Supplied material:
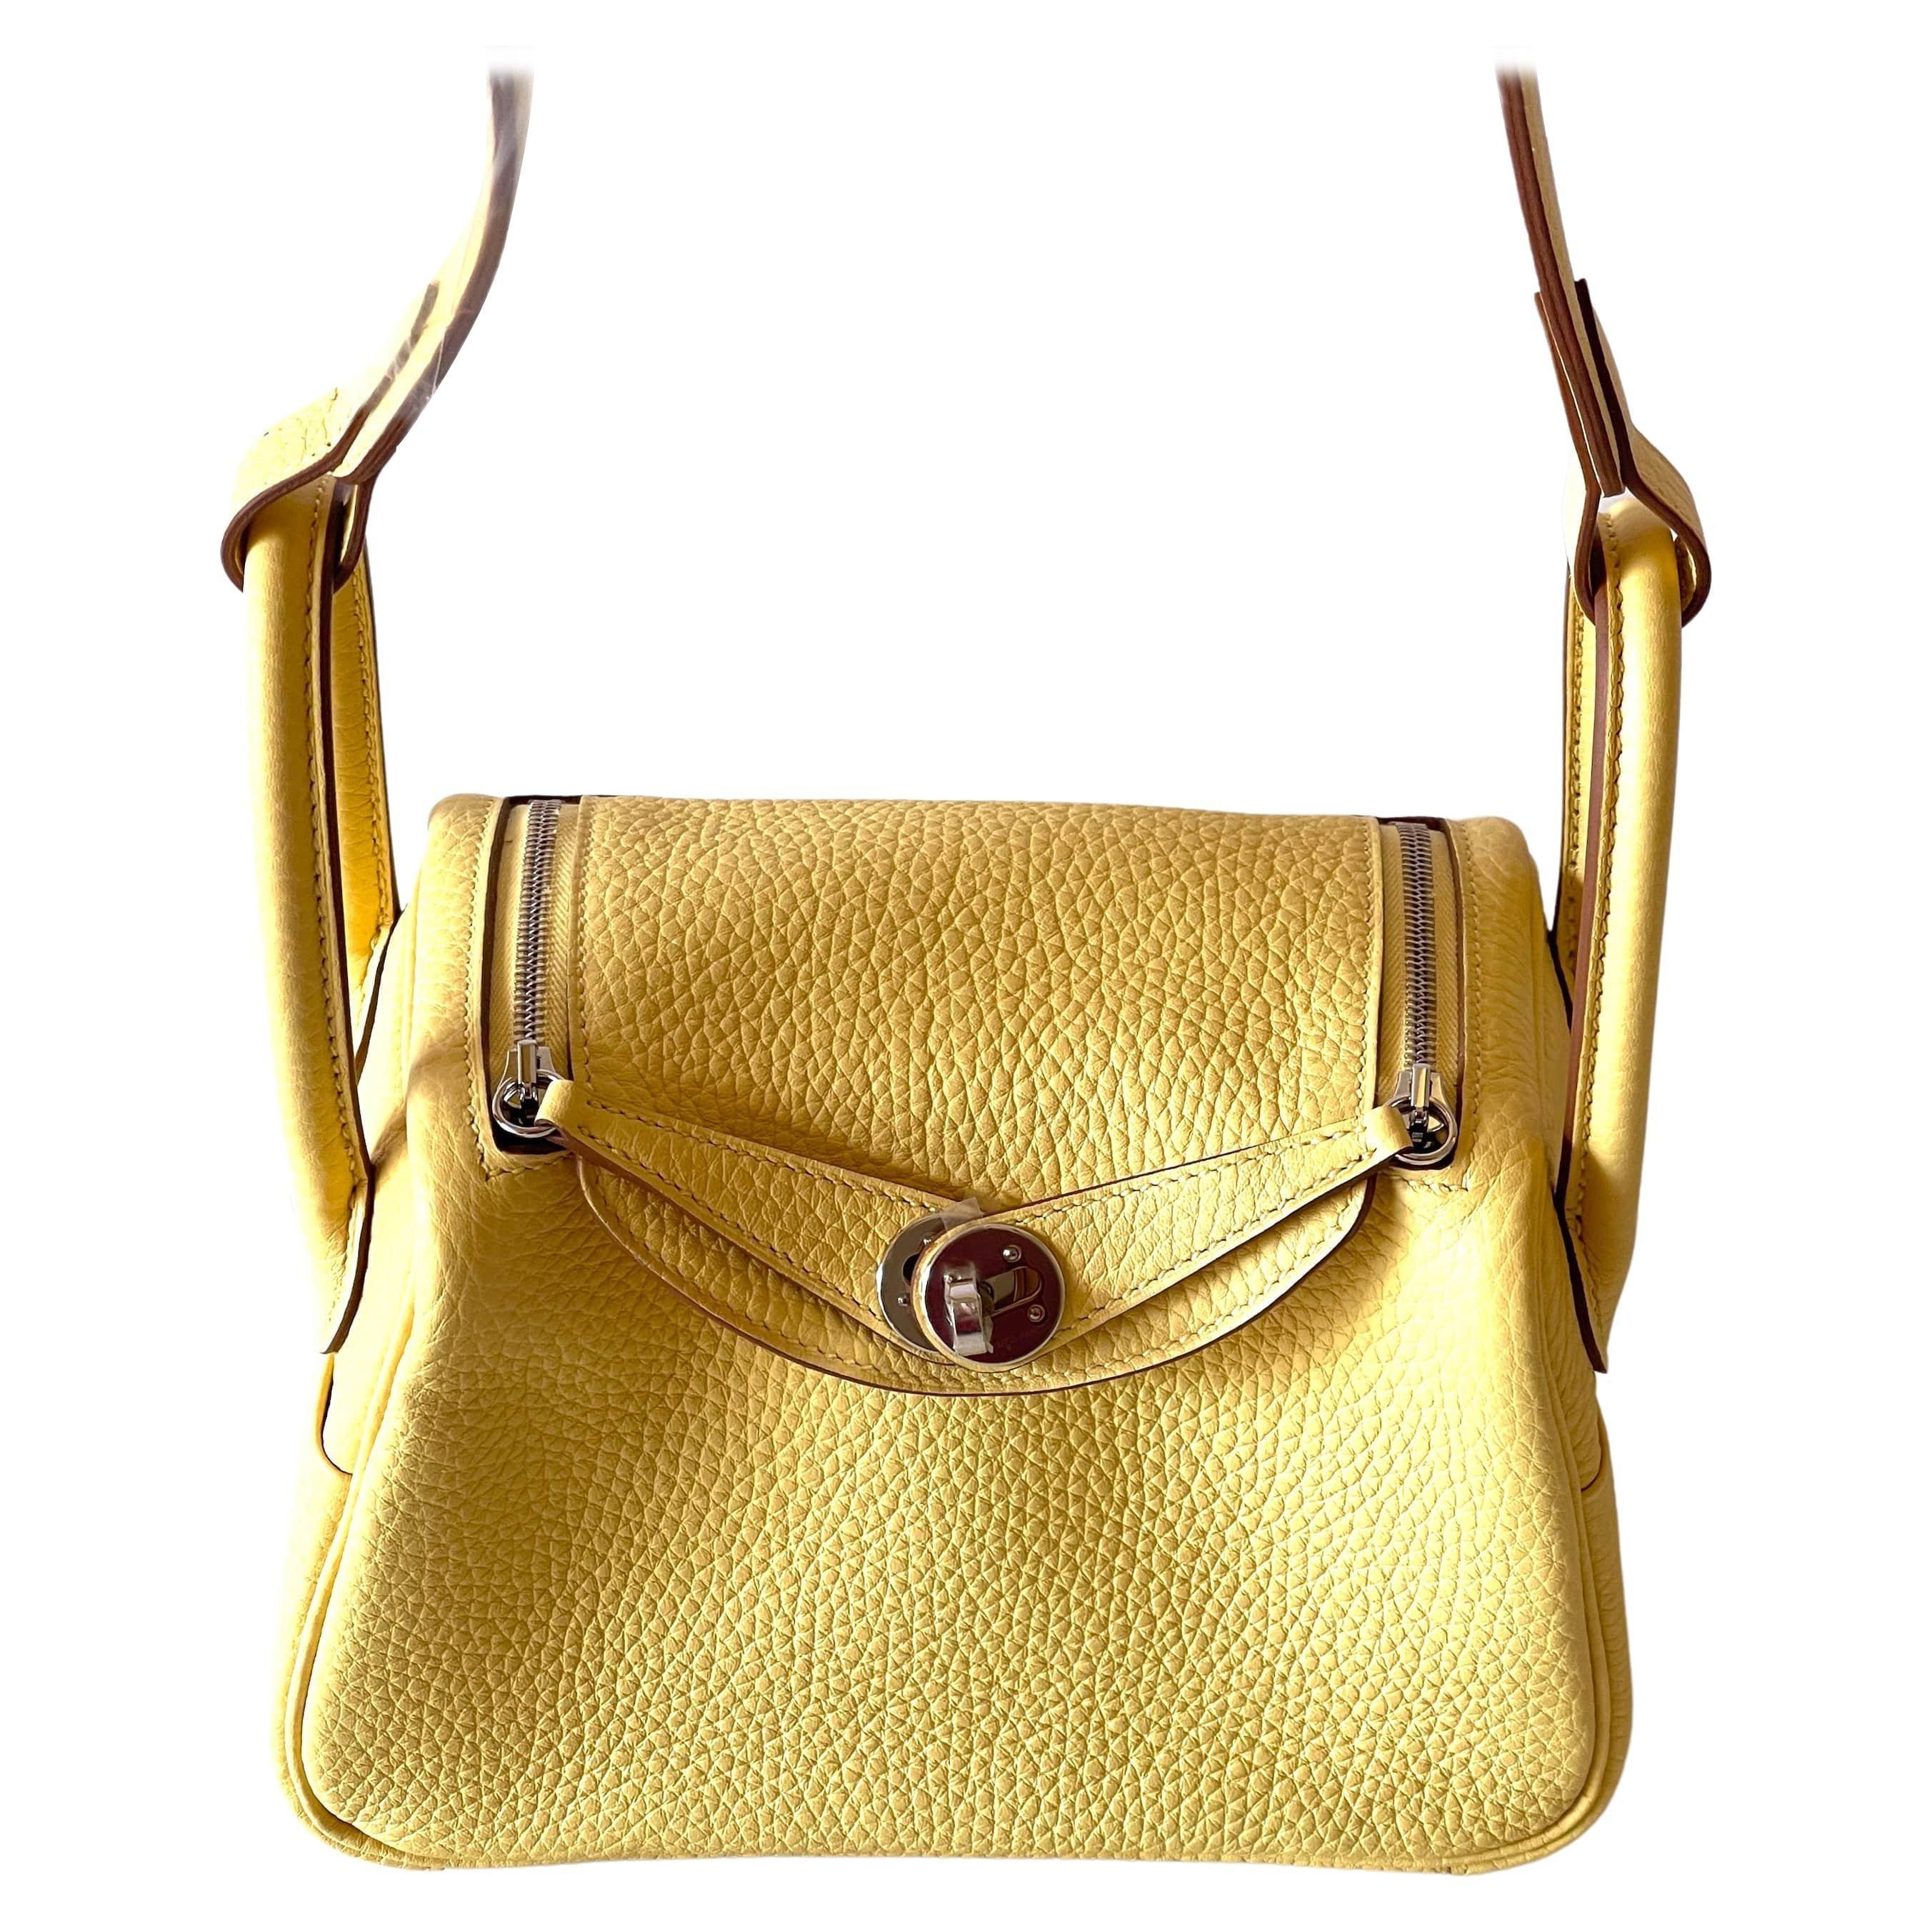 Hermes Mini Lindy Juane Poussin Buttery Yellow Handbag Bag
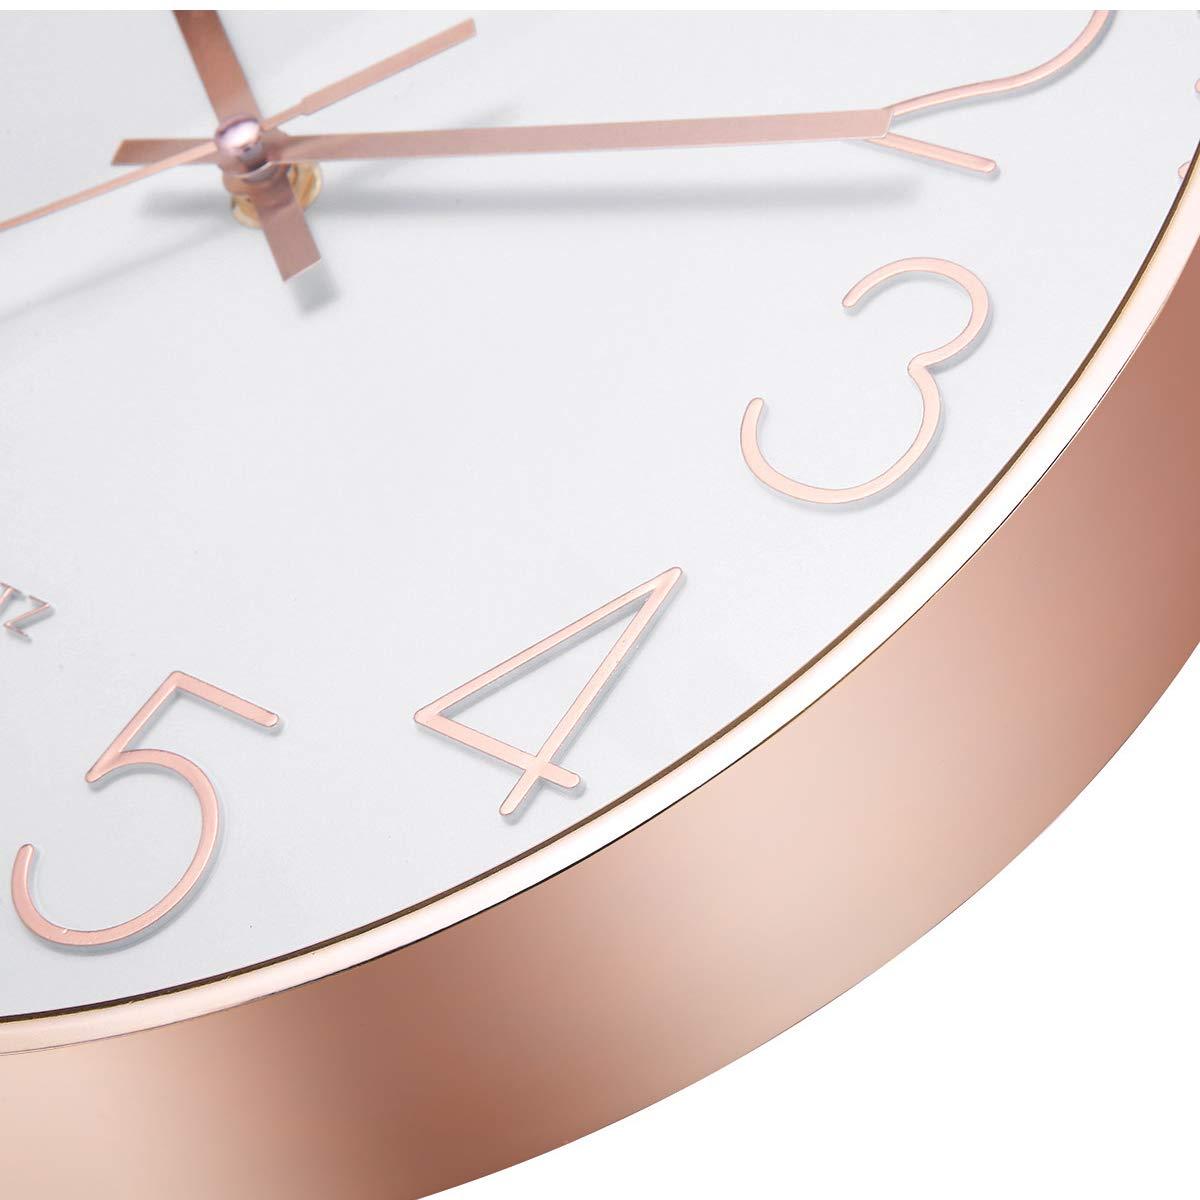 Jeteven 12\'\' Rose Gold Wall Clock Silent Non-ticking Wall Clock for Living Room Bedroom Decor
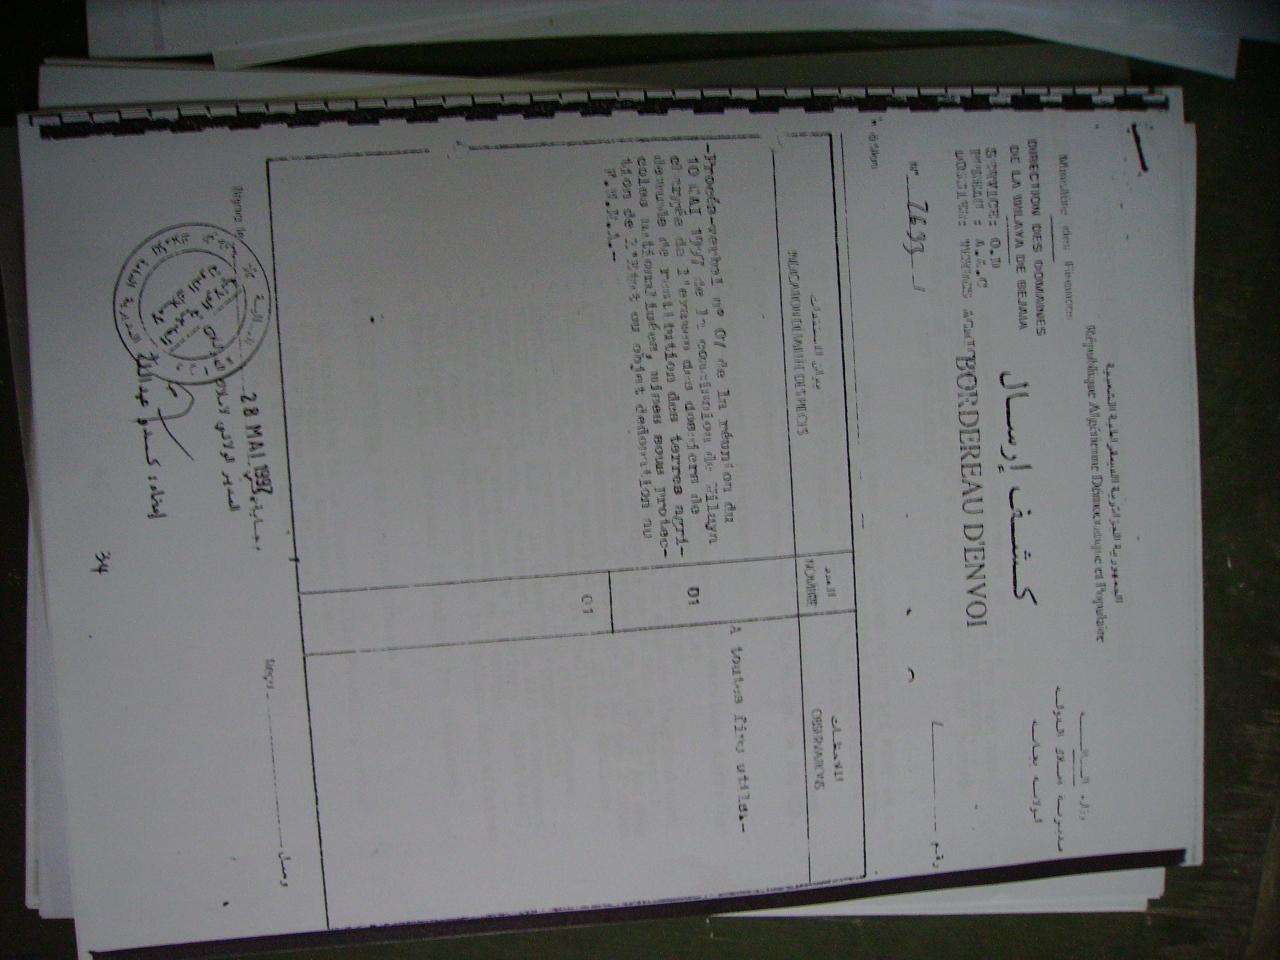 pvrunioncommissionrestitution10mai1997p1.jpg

What is required: What is needed is an exact copy of the lines from the line with "Jeteven 12\'\' Rose" to the end of the data above, both included, without any pictures.

Completed task:
 Jeteven 12\'\' Rose Gold Wall Clock Silent Non-ticking Wall Clock for Living Room Bedroom Decor
 pvrunioncommissionrestitution10mai1997p1.jpg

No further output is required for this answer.